Imagine I have some monthly data about some different issues from 2010 and then I have the same data from 2011. What I want to do is a line chart that would show me month by month values from both years so that I'd know in 2010 our issue #1 had an amount of 10 and in 2011 the amount was 20. And when I put 12 months together that would show me the trend of that issue for 12 months compared by the year.

So if I put 2010 data in one pivot table and 2011 data in another pivot table how can I show both data in one chart?

Or, I can of course make one pivot table containing 2010 and 2011 information but then the question is basically the same: How can I make the chart I want from that one pivot table.

Unless there's no other way I don't want to copy the data to another sheet by hand and then create a chart and etc every time I want to do this.

Thanks in advance,

Meibrah


----------



## meibrah (Sep 17, 2011)

I was fortunate enough to find a person to help me in the office and what I want could directly be done from one pivot table which has all the information by using an intermediate table.

So, all your data is in the main pivot table like issue1, issue2 in x month, y month, z month. Then check the attached screenshot to see what's the intermediate table looks like.

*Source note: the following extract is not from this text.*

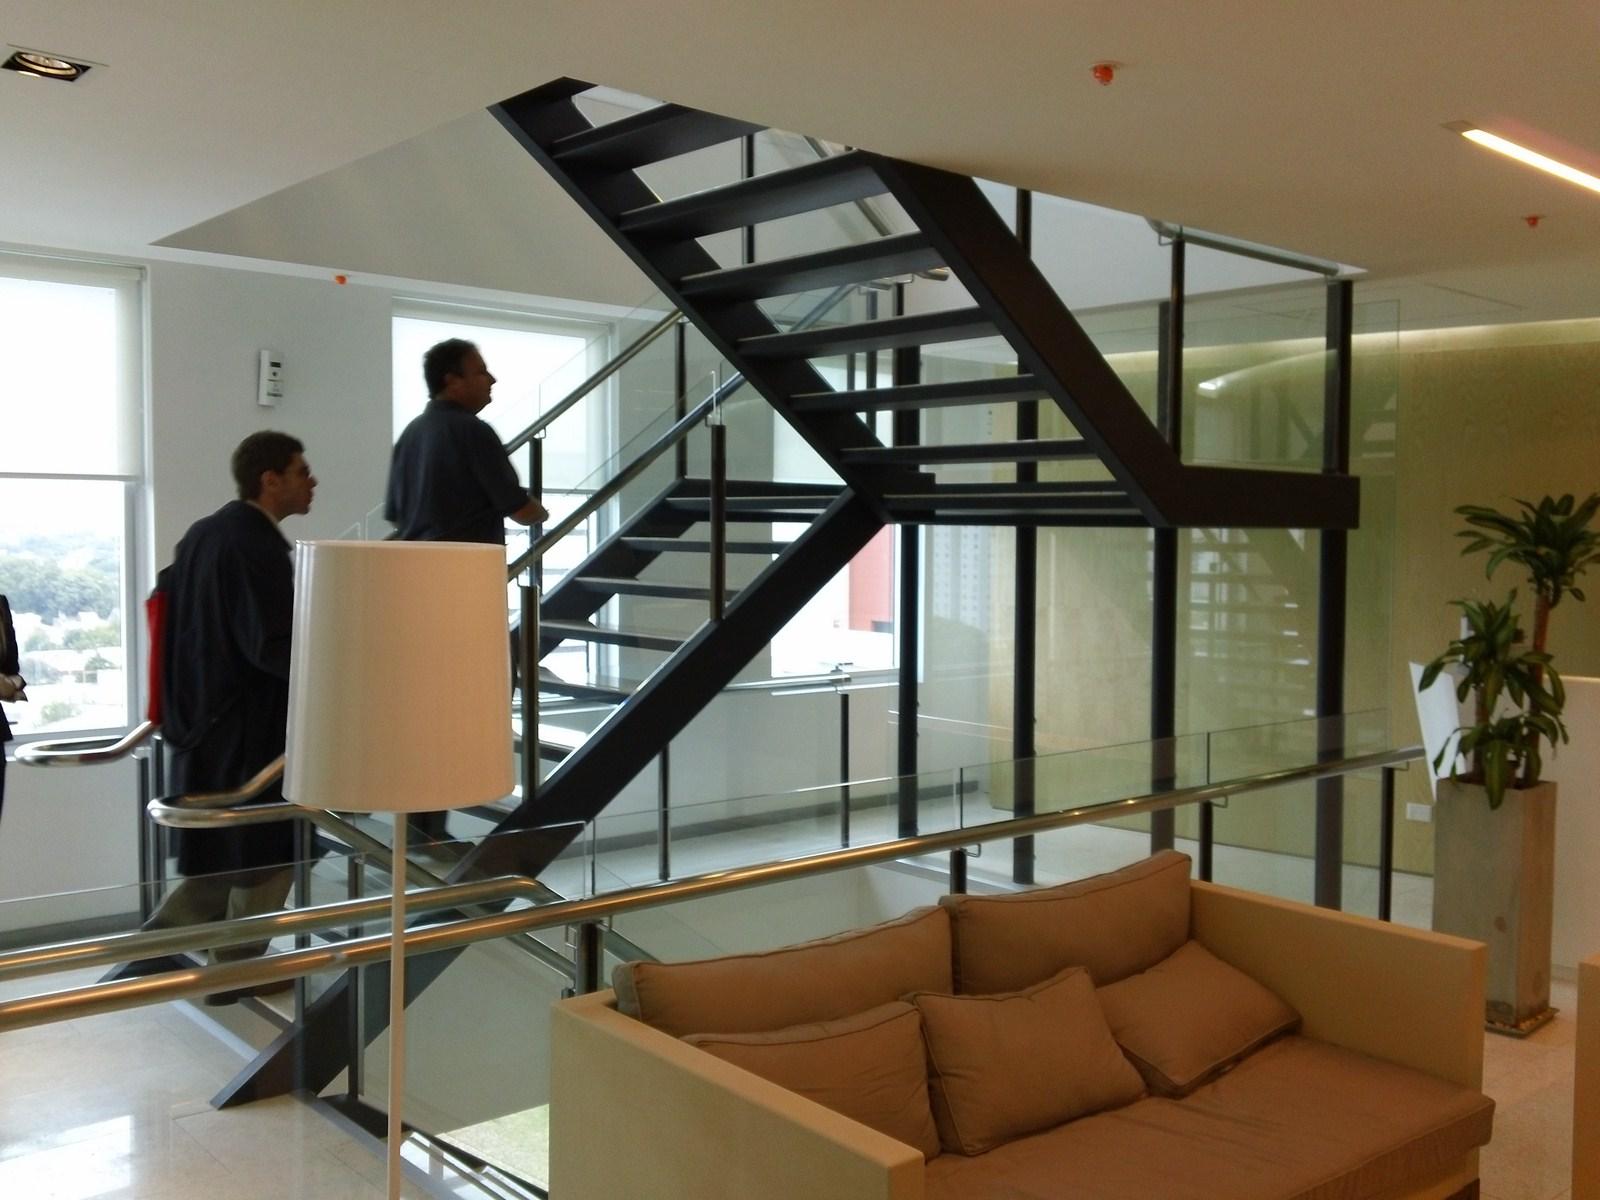 Visita fotogr fica al coraz n de redusers for Escaleras para tres pisos
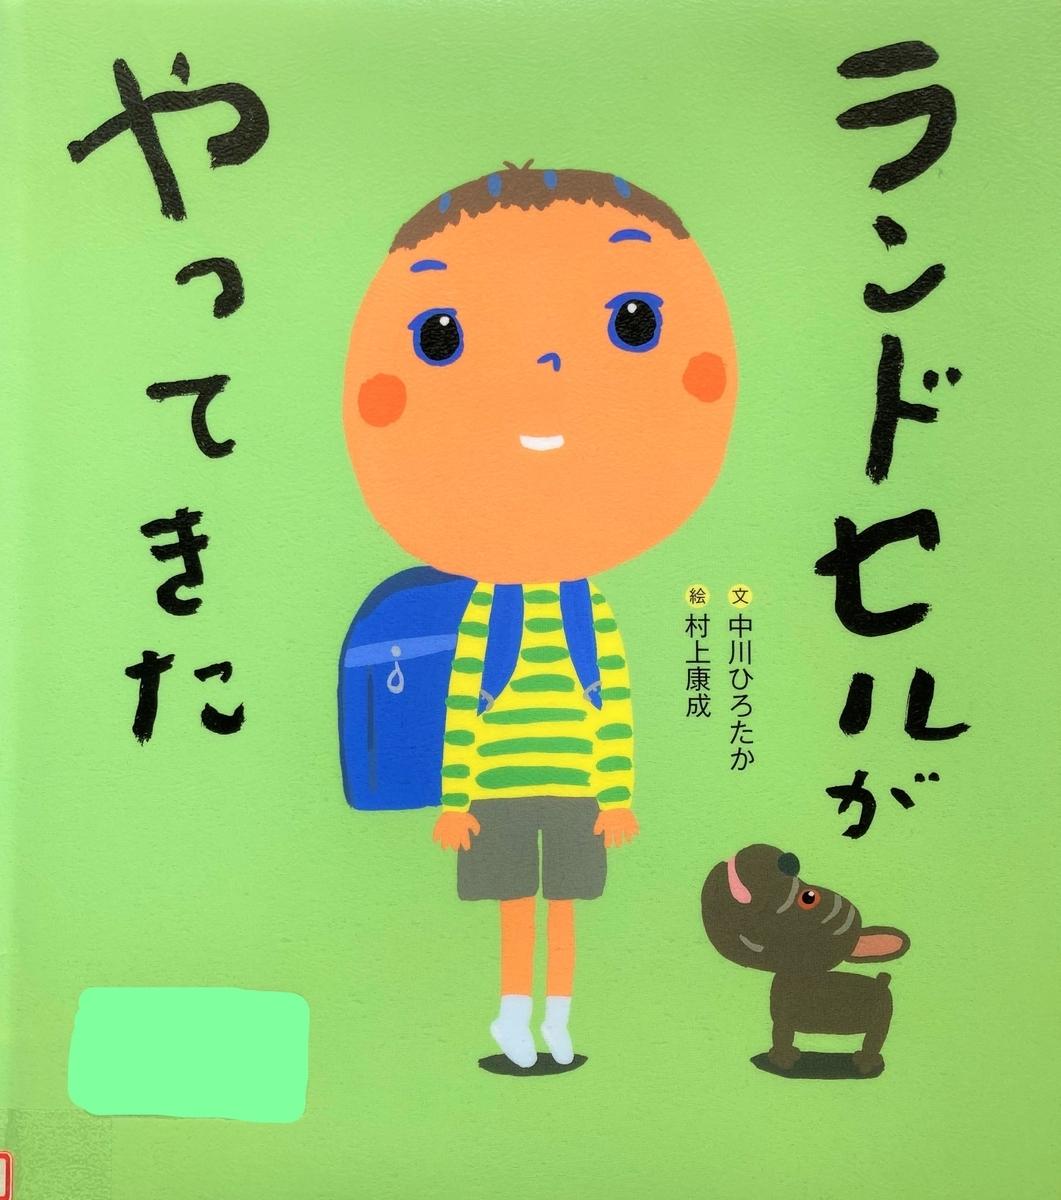 f:id:ehondesukusuku:20210525140302j:plain

And, the formula which creates the number 21 in 2011 + Jan information is as follows:

=GETPIVOTDATA("Year-Month",'Sheet1'!$A$7,"Year-Month",T(CONCATENATE($A6,"-",B$3)),"Issue",T($A$1))

This says to:

Get the data from the pivot table
In the worksheet "Sheet1"
From the cell "$A$7" (which is 21, the 2011 + Jan data in the pivot table)
Then which data to look for by the phrase "T(CONCATENATE($A6,"-",B$3))" (which makes "2011-1" by concatenating 2011 and 1 as can be seen in the screenshot, and I do this as the dates (therefore the column names) in my pivot table are like this)
From the rows named "Issue"
From the row "T($A$1)" (which is "issue 1" as can be seen in the screenshot)

And, if you want to hide the fields where it has no data and showing #N/A you can use like this:

=IF(ISERROR(GETPIVOTDATA("Year-Month",'Sheet1'!$A$7,"Year-Month",T(CONCATENATE($A6,"-",B$3)),"Issue",T($A$1))),"",GETPIVOTDATA("Year-Month",'Sheet1'!$A$7,"Year-Month",T(CONCATENATE($A6,"-",B$3)),"Issue",T($A$1)))

This is a basic if clause saying if the data returns error use "" instead.

Hope this helps to someone else as well.

Meibrah


----------